While Richie is trying to figure out a way home himself, he’s befriended by a native cabbie (Arian Moayed), the local hooker with a heart of gold (Kate Hudson), and two crazy ammunition peddlers (Scott Caan and Danny McBride).

It’s all silly, contrived and only mildly amusing, but when a job offer from the ammo guys takes Richie to Pakistan, he hears the young Salima (Leem Lubany) singing and instantly decides he needs to introduce her to the world.

Richie is told singing in public would bring a death sentence for Salima, but she stows away in his cab back to Kabul, and defiantly auditions for the TV show Afghan Star.

It’s all built around real events in the life of Setara Hussainzada, who still faces death threats after revealing her face and competing on Afghan Star. Her story has been told in two documentaries – 2009’s Afghan Star and 2010’s Silencing the Song – and is certainly deserving of a serious dramatic treatment.

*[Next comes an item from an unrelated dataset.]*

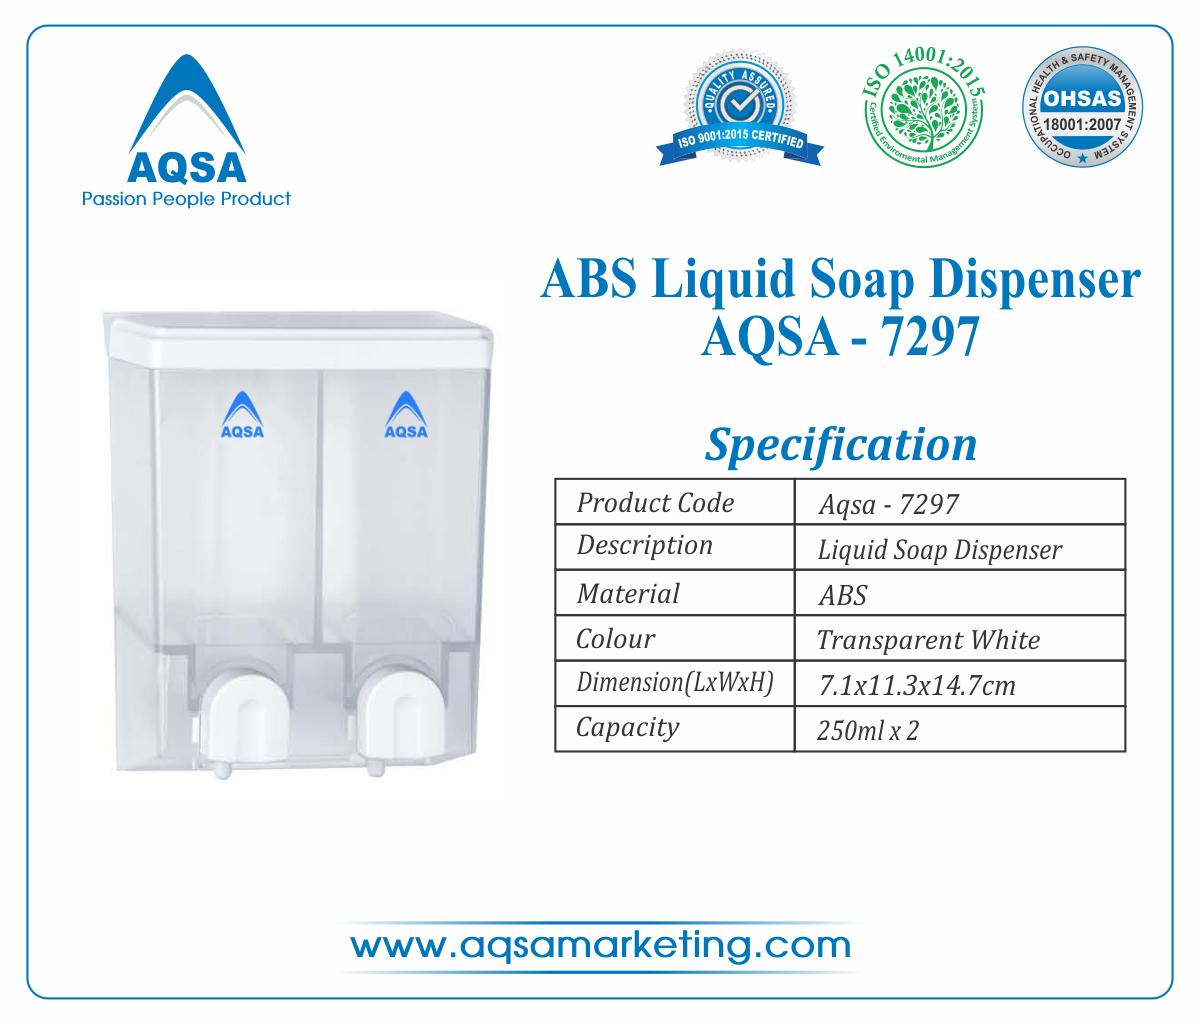 ABS Soap Dispenser 250ml x 2 AQSA-7297 image

Though she does get a nice acknowledgment before the credits, screenwriter Mitch Glazer and director Barry Levinson are more interested in the “white savior” angle and creating a comedy vehicle for Murray.

Thud.

Characters disappear at will, plot lines are invented and ignored, no one really seems interested, and the Kasbah is left more bored than rocked.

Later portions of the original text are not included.